Saint Cucuphas (also Cucufas or Qaqophas, Cugat, Culgat, Cougat, Cucufate, Cucufato, Cocoba(s), Cucuphat, Cucufa, Cucuphat, Quiquenfat, Covade, Cobad, Cophan, Cucao) is a martyr of Spain. His feast day is 25 July but in some areas it is celebrated on 27 July to avoid conflict with the important feast day of Santiago, the patron saint of Spain. His name is said to be of Phoenician origin with the meaning of "he who jokes, he who likes to joke."

==Life==
Cucuphas was born into a noble Christian family in Scillis (Africa Proconsularis). He and Saint Felix, later martyred at Girona, were said to have been deacons of the Catholic Church in Carthage who arrived at Barcelona to evangelize the area. According to his legend, he functioned as a merchant in Barcelona while preaching the Christian faith, baptizing converts, and aiding the Christian community there. According to Christian accounts of his life, he was generous with the poor and a worker of miracles.

He was martyred near Barcelona during the persecution of Diocletian. Under the Roman governor, he suffered many torments and was imprisoned somewhere near Barcelona, along the twenty-mile stretch between ancient Barcino (Barcelona) and Egara (Terrassa). His throat was finally cut in 304. Tradition holds that two Christian women from Illuro (Mataró), Juliana and Semproniana, buried his body and were consequently martyred as well.

The Benedictine abbey of Sant Cugat del Vallès is considered to be situated on the site of his martyrdom, which was once the Roman site of Castrum Octavianum.

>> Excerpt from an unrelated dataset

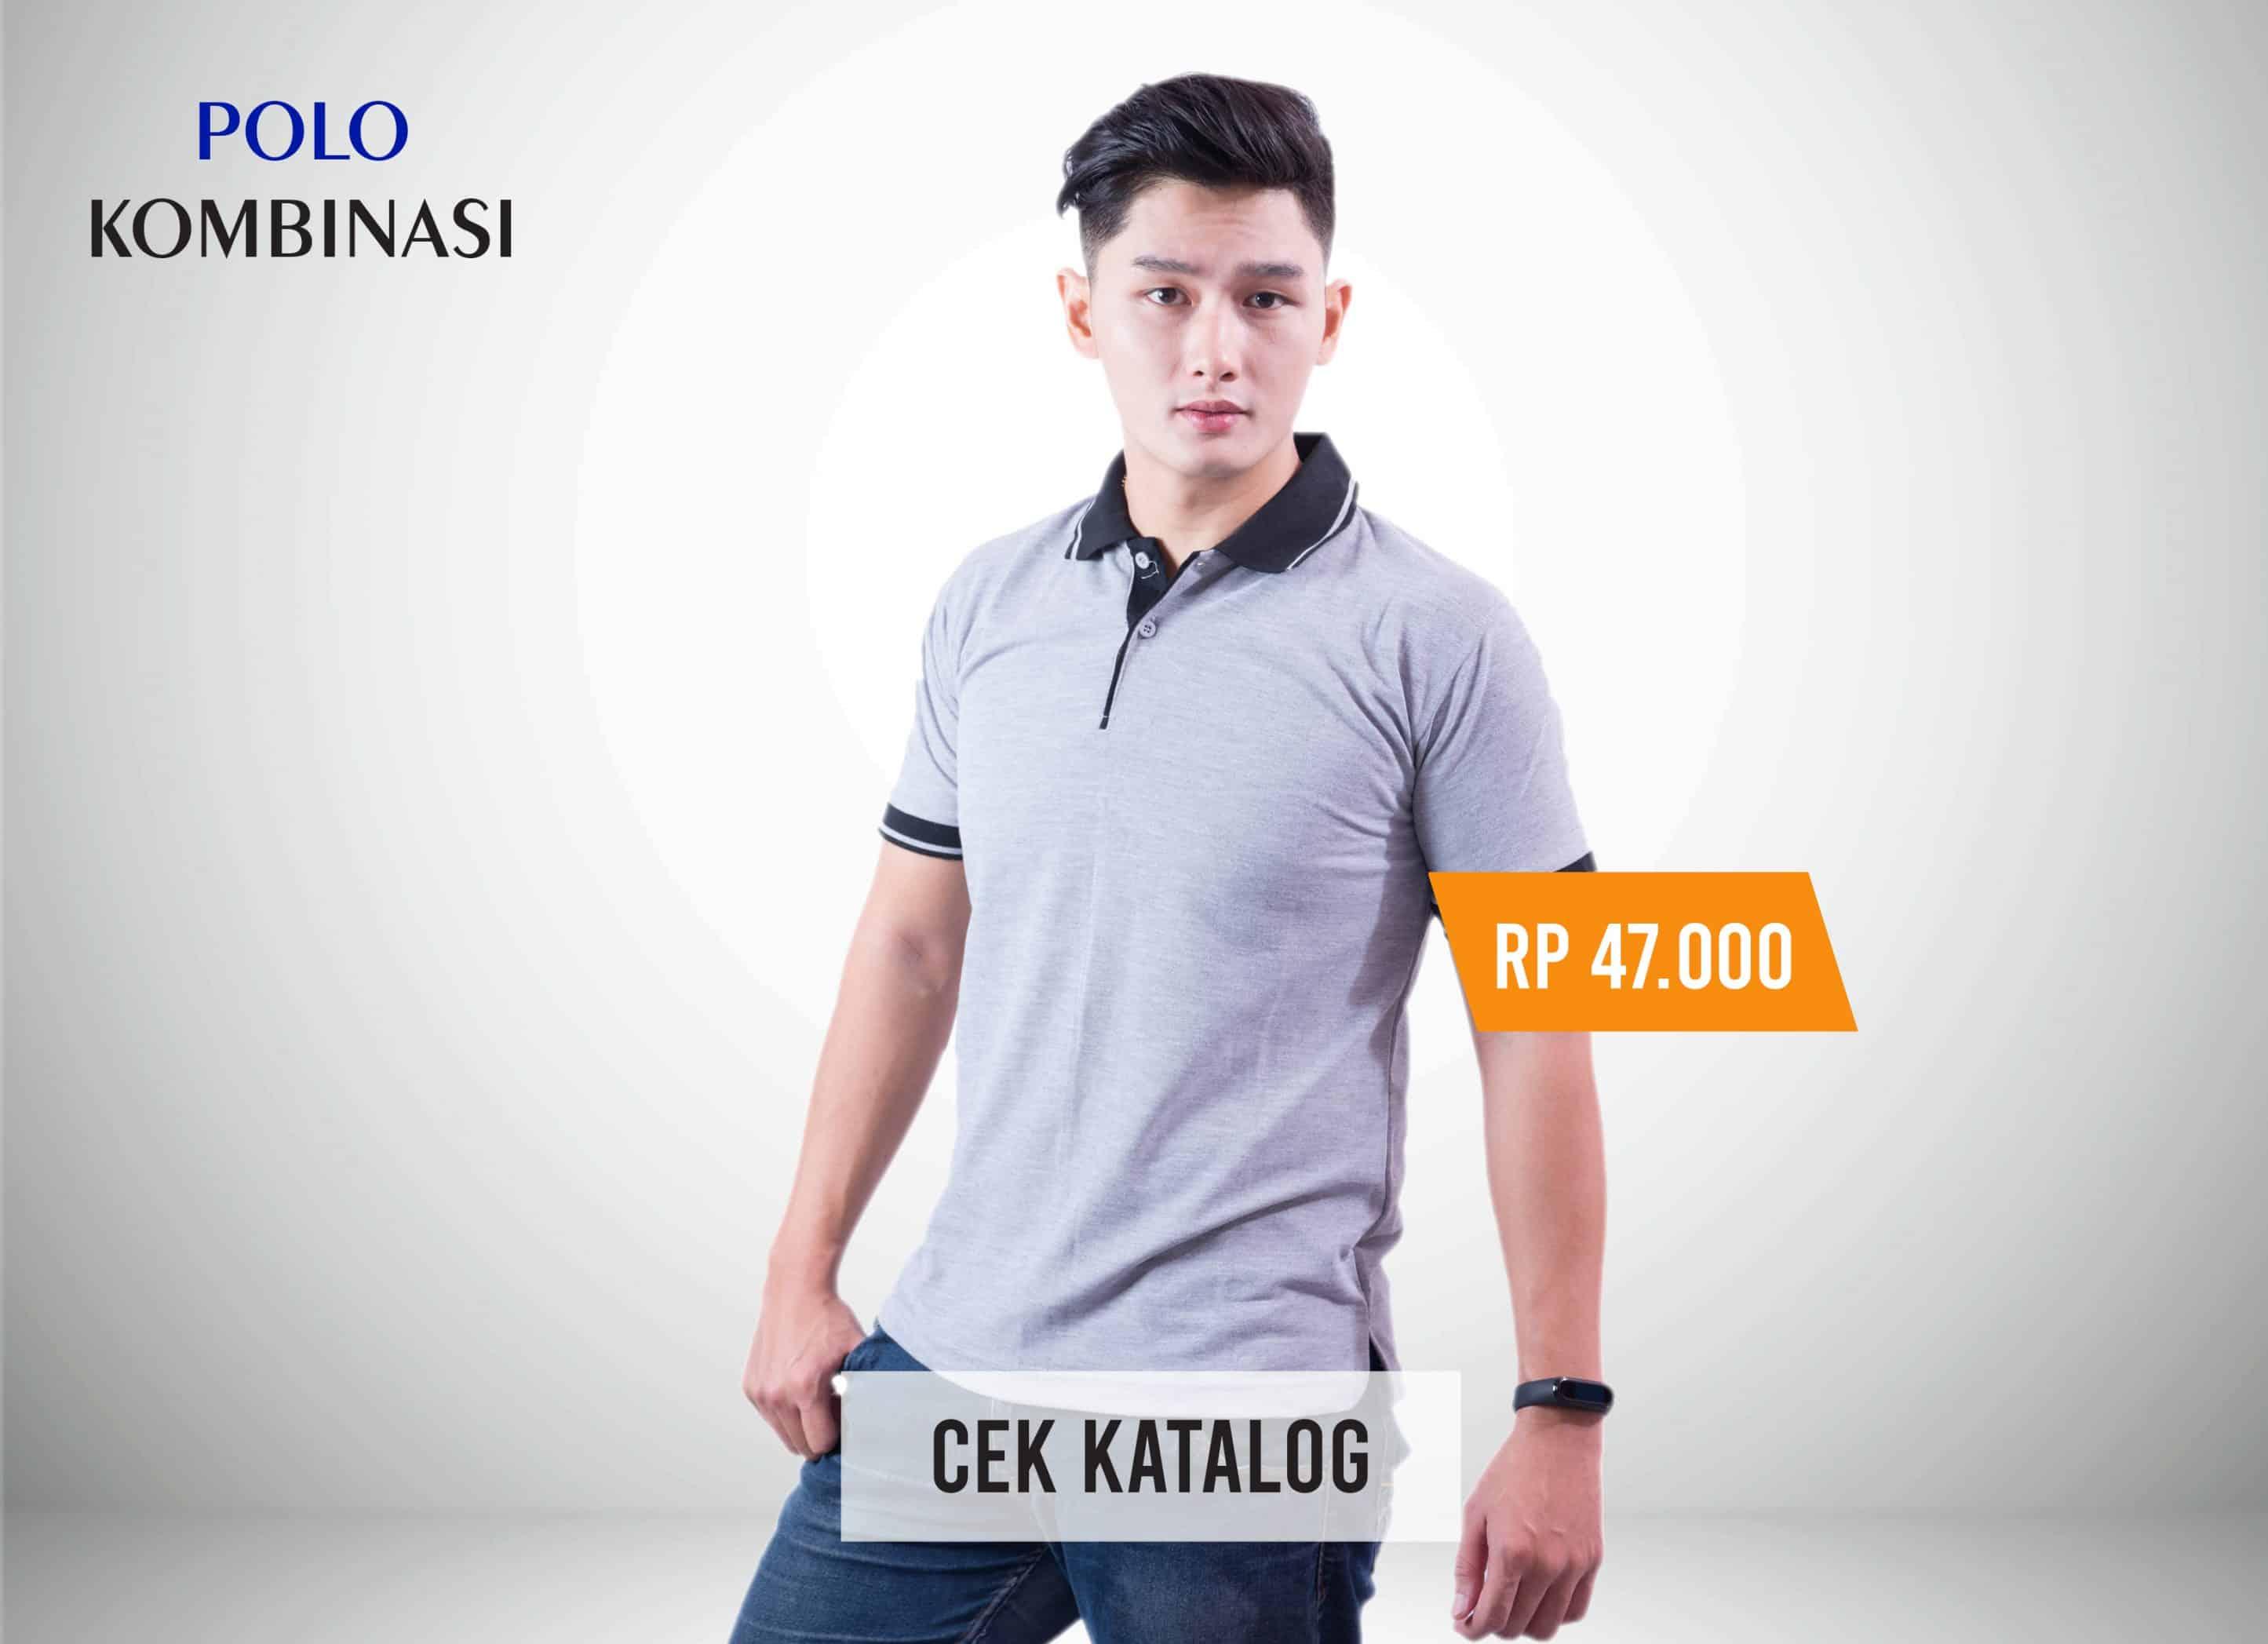 Kaos Polo Jogja Murah - Grosir Polo Jogja - KMB - Ozzy Clothing

Details of his martyrdom state that he was handed over to twelve strong soldiers, who were ordered to whip him and tear his skin with iron nails and scorpions. Cucuphas was then roasted alive after being covered in vinegar and pepper, though heavenly intervention saved him from death and injury. A great bonfire also failed to kill the saint and instead killed his would-be executioners. His jailers were then subsequently converted to Christianity after they found Cucuphas in his cell illuminated with heavenly light. The next day, he was flagellated with iron whips. By means of heavenly intervention, the prefect Maximianus was killed when his carriage caught on fire. Rufus, the new prefect, prudently decided not to practice torture of any kind on the saint and instead ordered his immediate execution by sword.

==Textual references==
The poet Prudentius honored him in a hymn. Cucuphas is mentioned in the Hieronymian Martyrology; the Prayer Book of Verona (7th century AD); in a hymn called Barcino laeto Cucufate vernans (7th century, recorded in manuscripts in Toledo and Silos, 10th-11th centuries), which has been attributed to Quiricus of Barcelona; the Liber Sacramentorum (Toledo, 9th century, Mozarabic mass dedicated to Cucuphas); Martyrology of Ado; Martyrology of Usuard (9th century); and the Martyrology of Saint Peter of Cardeña (10th century, presumed copy of 7th-century manuscript).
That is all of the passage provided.